Robert Gass (born 1948), is a leadership coach and organizational consultant, seminar leader and rock musician. He holds a doctorate in Organizational and Clinical Psychology from Harvard University. He is known for his work in leadership development, organizational transformation, and building social movements. and is a former President of ARC International Consulting, a global consulting and training company specializing in transformational change. He co-founded the Rockwood Art of Leadership trainings which coaches environmental, social justice and human rights leaders across North America, in leadership.

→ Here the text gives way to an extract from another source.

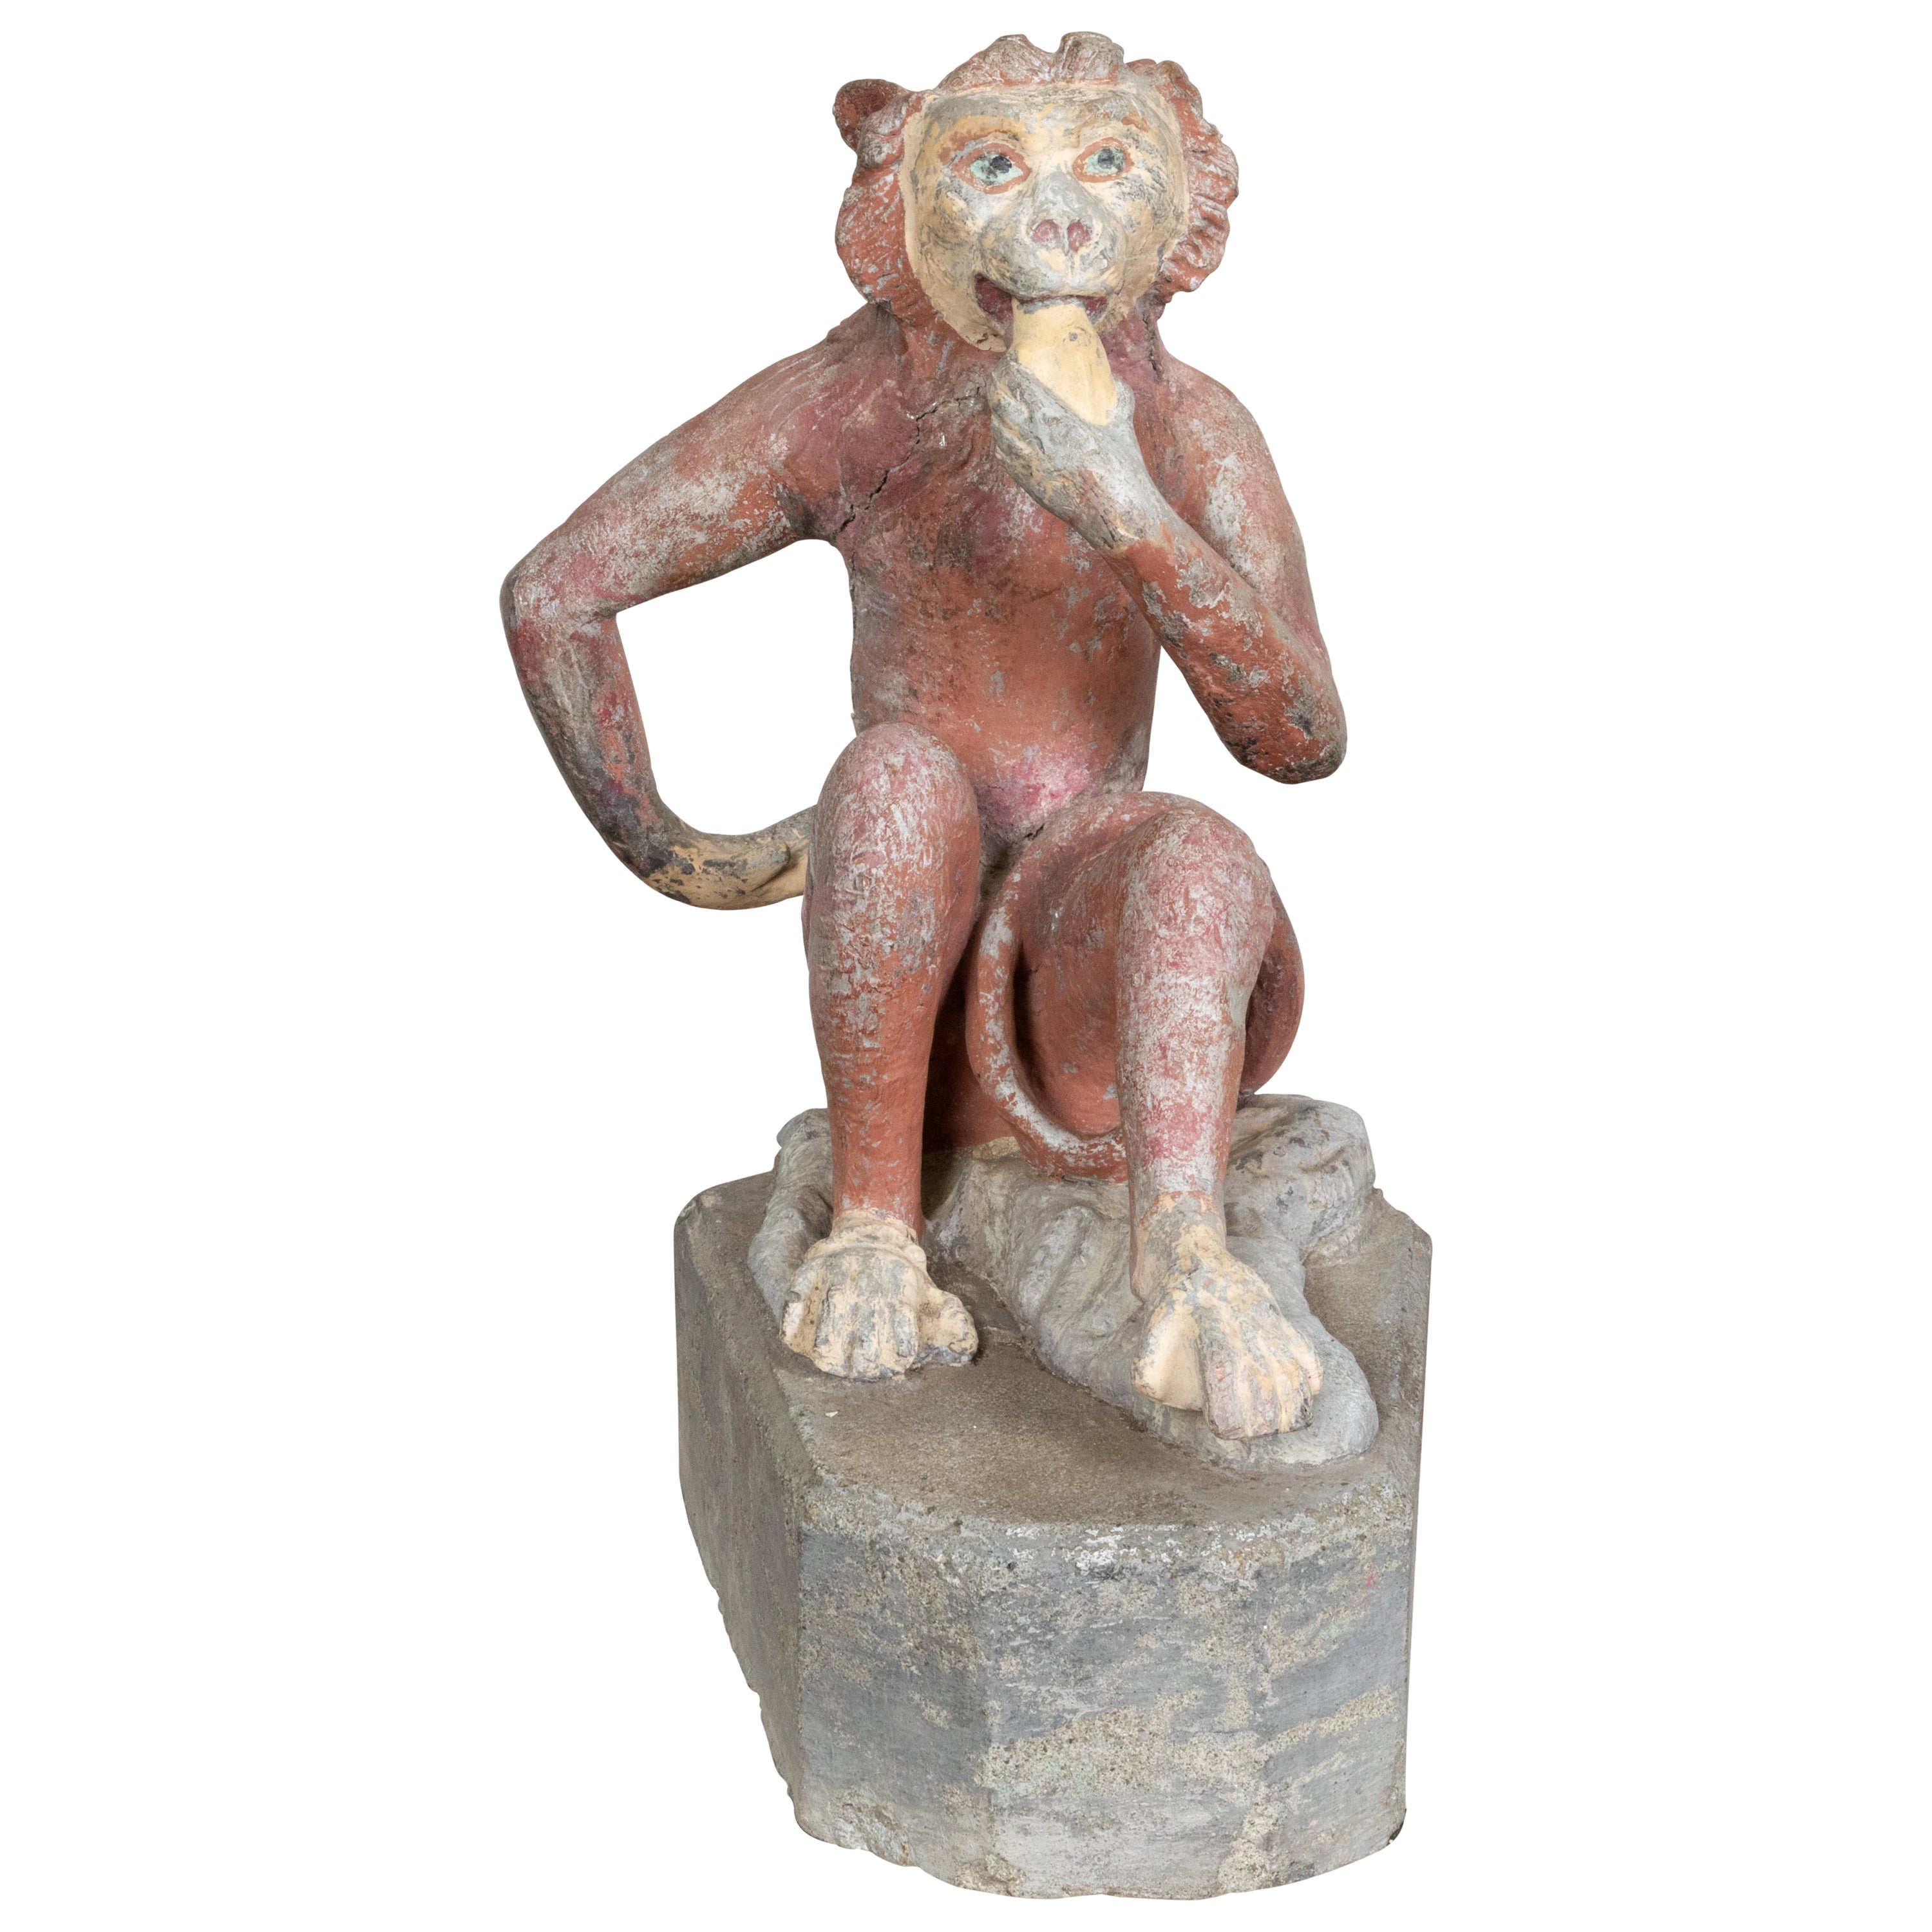 French Midcentury Lead Sculpture of a Monkey Eating a Banana with Aged Patina
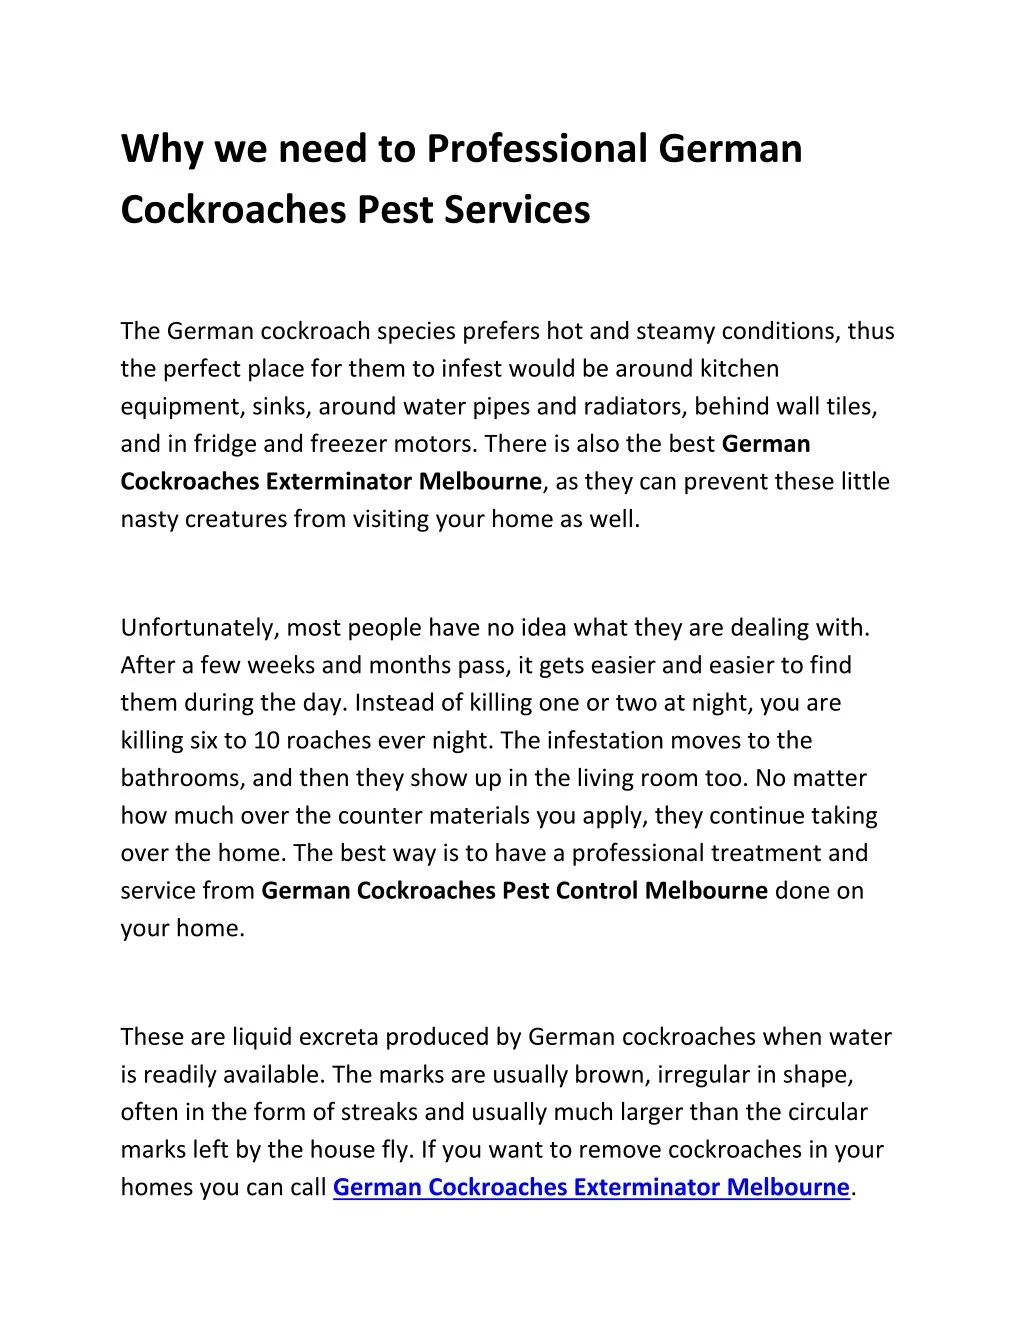 why we need to professional german cockroaches

He is also co-founder of the Social Transformation Project and a  former Board Chair of Greenpeace. Gass has coached leaders and organizations such as the Sierra Club, the NAACP, Amnesty International, MoveOn.org, Service Employees International Union (SEIU) the National Congress of American Indians, 350.org, National Domestic Workers Union, Greenpeace International, and the Obama White House.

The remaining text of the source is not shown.